|Classification and Statistics
Located on 'one of the finest natural sites of any city in the British Isles', Dundee is situated at the mouth of the Tay
estuary where it occupies a south-facing natural harbour sheltered to the landward side by hills. To the west is the Carse of Gowrie
and to the north the Sidlaw Hills
which separate Dundee from the valley of Strathmore
. The centre of the city is dominated by Dundee Law
which rises to a height of 174m (571 feet), and is a conical basalt hill that is the remains of a volcanic plug. During the past century the city has expanded to incorporate surrounding villages.
The original settlement occupied a natural harbour between Castle Rock
on the east and St Nicholas Craig on the west. In medieval times Dundee traded wool, sheepskins and cattlehides with continental markets supplying in return quality textiles, metal goods and wine. The town was given the status of a burgh and developed as a 'new town' between 1178 and 1190 by Earl David, son of King William I
'the Lion' (1143 - 1214). It prospered for many years as the third of Scotland's royal burghs after Edinburgh
and Aberdeen. The city was destroyed by General Monk
in 1651 and later its harbour was devastated by a storm. For nearly a century and a half thereafter the city's fortunes waned.
During the 19th Century Dundee again grew rapidly as a result of the whaling and fishing trade, shipbuilding, textile manufactures and the import from Bengal of jute which was processed in mills employing large numbers of people. Between 1841 and 1881 the city's population rose from 63,700 to 140,000. By the latter half of the 19th Century some of the world's most expensive real-estate was in Dundee, and the city was pouring vast sums of money into the development of the USA, with bankers such as Robert Fleming (1845 - 1933) investing in railways, ranches and the expansion of the country westwards.
Dundee was also noted for its jam, produced from 1797 by the Keiller family, and its journalism which came to be dominated in the 20th century by D.C. Thomson and Company publishers of, amongst others, the Courier and Advertiser, Sunday Post, People's Friend, Scots Magazine, together with the Beano and Dandy children's comics.
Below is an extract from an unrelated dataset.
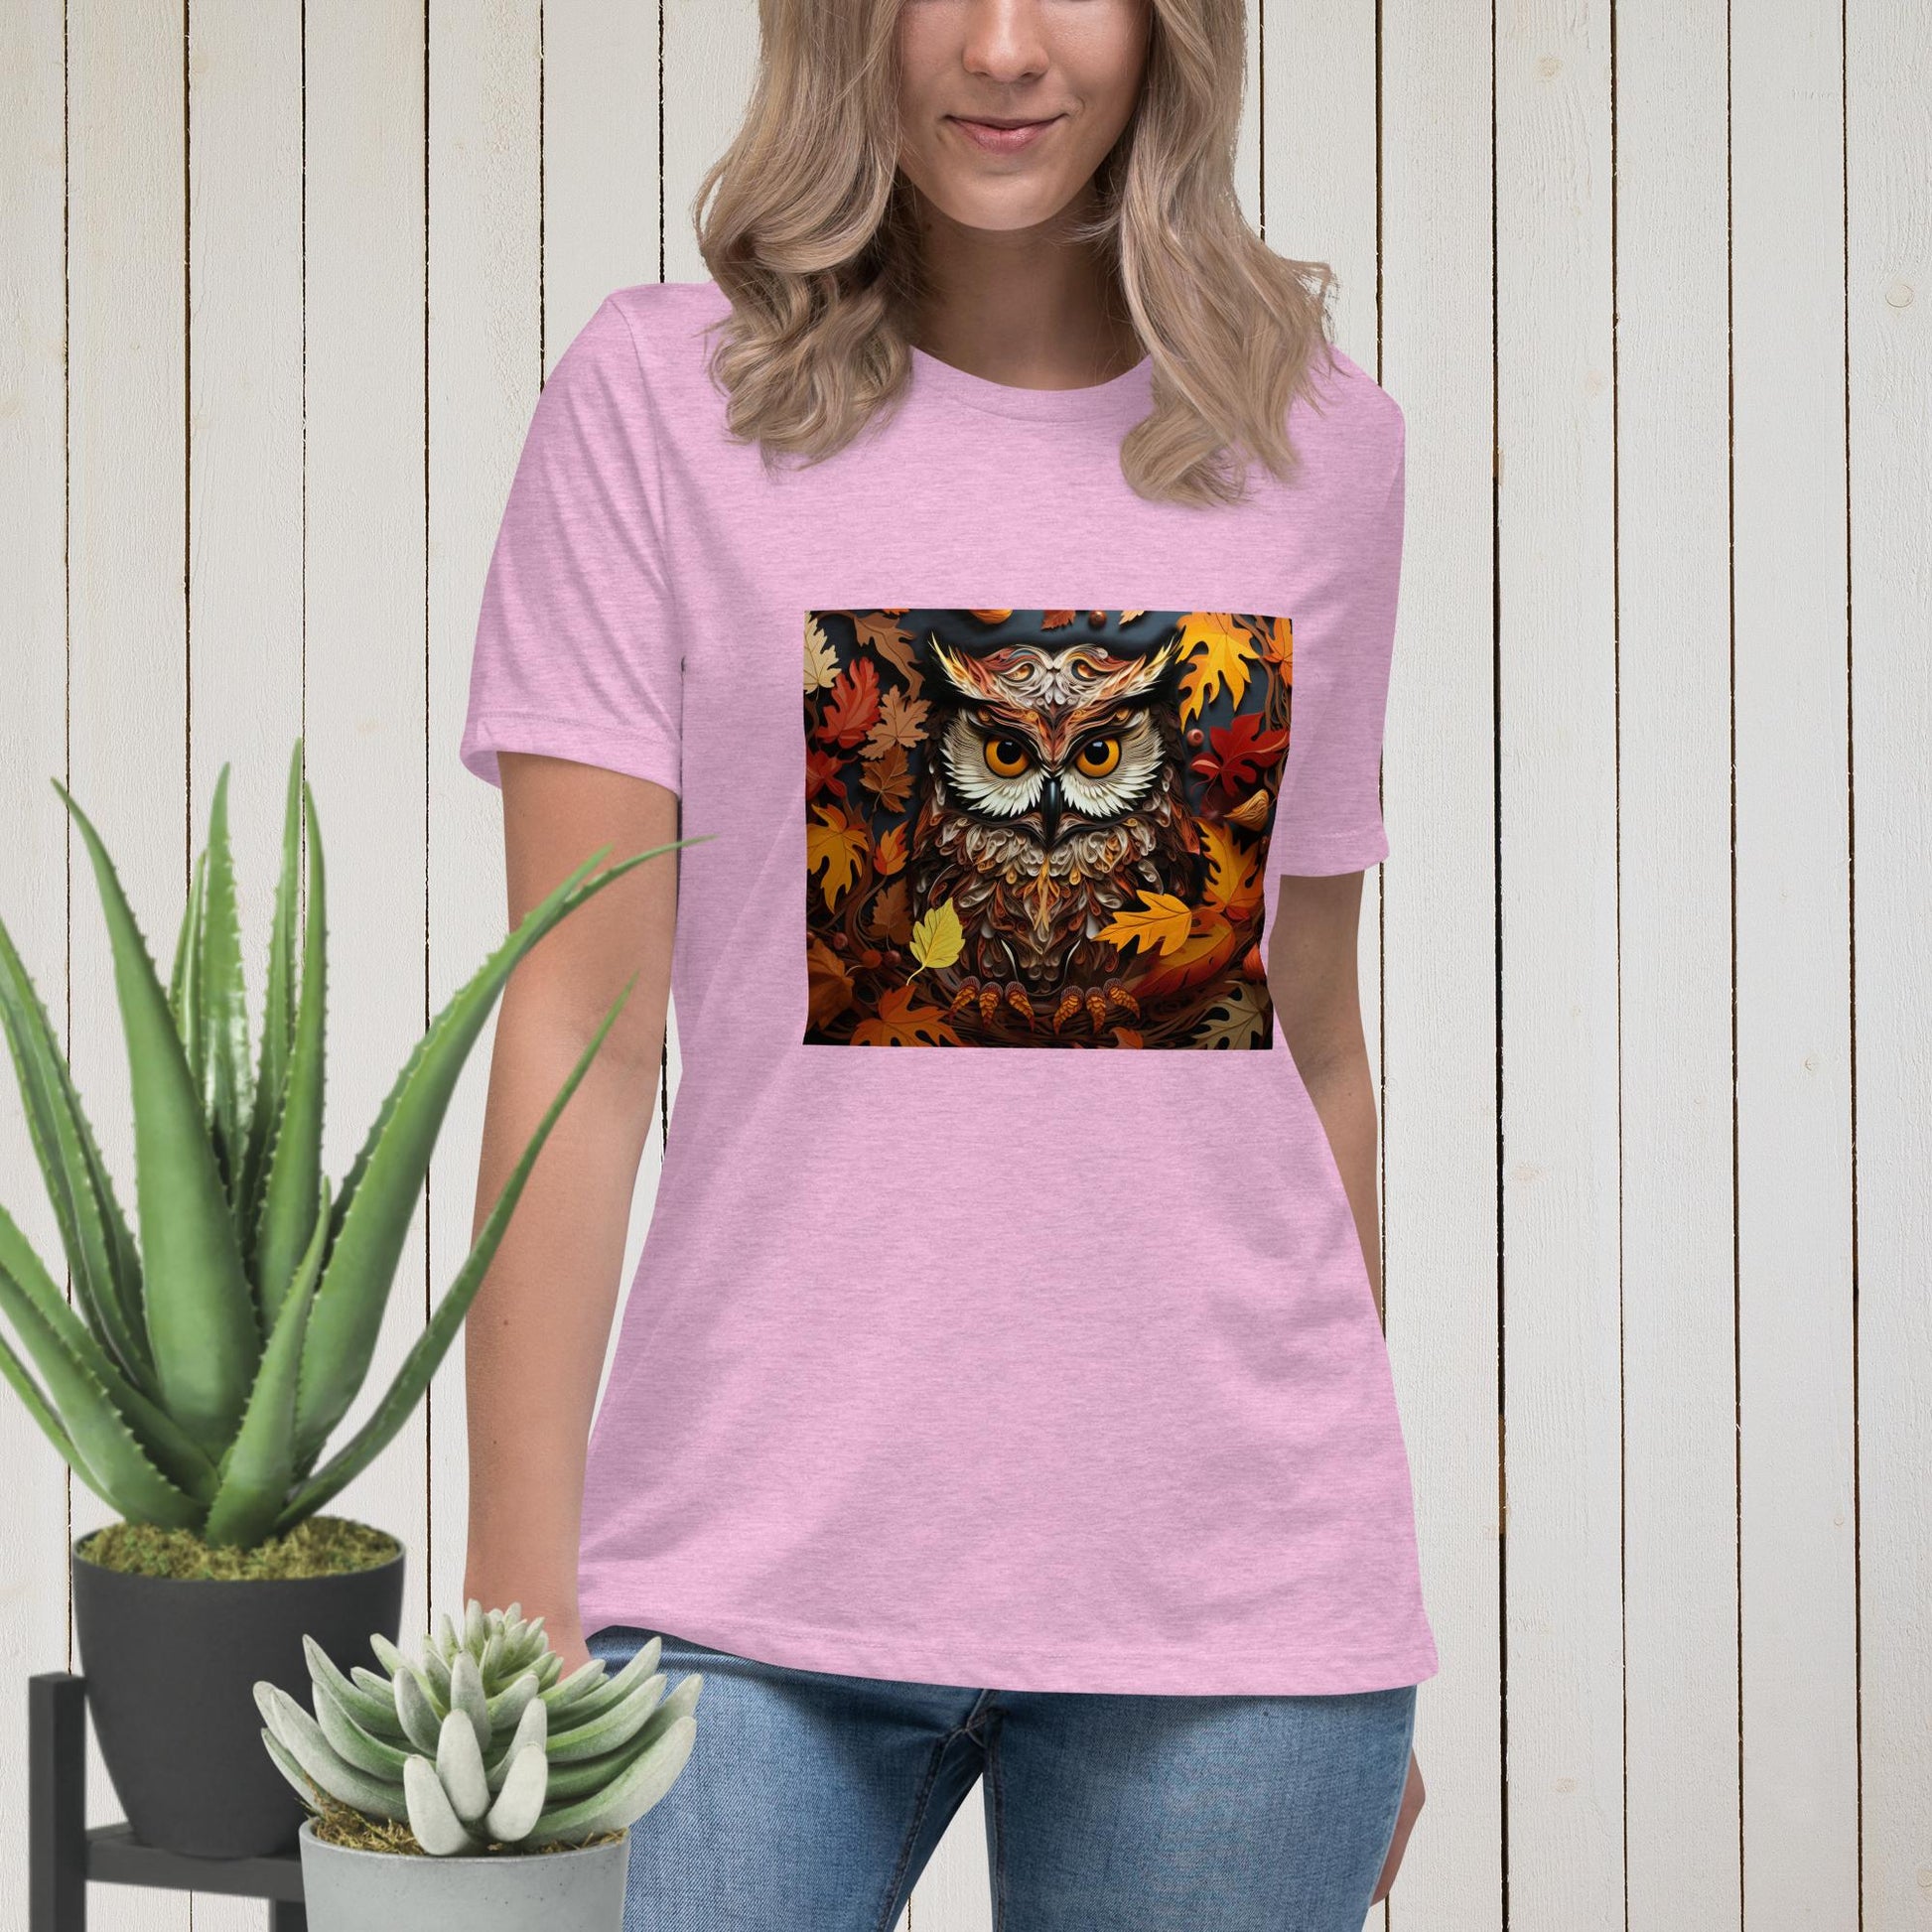 Owl in Fall Women's Relaxed T-Shirt - Legacy Creator IncHeather Prism LilacS

Today, D.C. Thomson is one of the largest employers in Dundee and the only major magazine and newspaper house in Scotland to be controlled by Scots in Scotland.
Dundee was the birthplace of the historian Hector Boece (c.1465-1536), John Graham of Claverhouse, 1st Viscount Dundee (c.1649-89), Admiral Adam Duncan of Camperdown (1731-1804), mathematician Sir James Ivory (1765 - 1842), artist John Zephaniah Bell (1794 - 1883), Canadian politician William Lyon Mackenzie (1795 - 1861), electrical pioneer James Bowman Lindsay (1799 - 1862), engineer David Kirkaldy (1820-97), doggerel poet William McGonagall (1830 - 1902), missionary Mary Slessor (1848 - 1915), plant collector Augustine Henry (1857 - 1930), pioneer of flight Preston Watson (1880 - 1915), comedian Will Fyffe (1885 - 1947), Jimmy MacDonald (1906-91), who was the voice of Mickey Mouse, philosopher George Elder Davie (1912 - 2007), academic Lord Perry of Walton (1921 - 2003), boxer Dick McTaggart (b.1935), actors Brian Cox (b. 1946) and Ian McDiarmid (b.1947), musician Robbie McIntosh (1950-74), songwriter Michael Marra (b.1952), politician George Galloway (b. 1954), musician Ricky Ross (b.1957), athlete Liz McColgan (b.1964), jockey Peter Niven (b.1964) and Olympic sailor Shirley Robertson (b.1968).
The importance of Dundee as a centre of textile manufacture was based on mills which moved from the Dichty Burn
, to the north, into the city itself, making use of the power of the Scouring Burn
in the west of the city and the Dens Burn
to the east. The city has had a harbour since Mediaeval times, but this grew through trade with the Baltic and London during the 18th C. and the importance of the whaling industry in the 19th C. Today, Dundee's port, dock and industrial estate facilities are important to the North Sea offshore oil industry and the city is served by a small airport situated to the west of the city centre. Chief amongst the city's industries are printing, publishing, food processing, biotechnology, digital entertainment software and the manufacture of tyres, carpets, electronics, computers and clothing. The principal industrial estates are located at the Technology Park, West Pitkerro, Baldovie
, Wester Gourdie, Kingsway East, Dryburgh
and the Riverside
References and Further Reading
(1878) The Municipal History of the Royal Burgh of Dundee. Improved Edition. Winter, Duncan & Co., DundeeAnon
(1959) The History of Dundee. Scottish Advertisers Ltd., DundeeEunson, Eric and Bill Early
(2002) Old Dundee. Stenlake Publishing Ltd., Catrine, AyrshireGifford, John (ed.)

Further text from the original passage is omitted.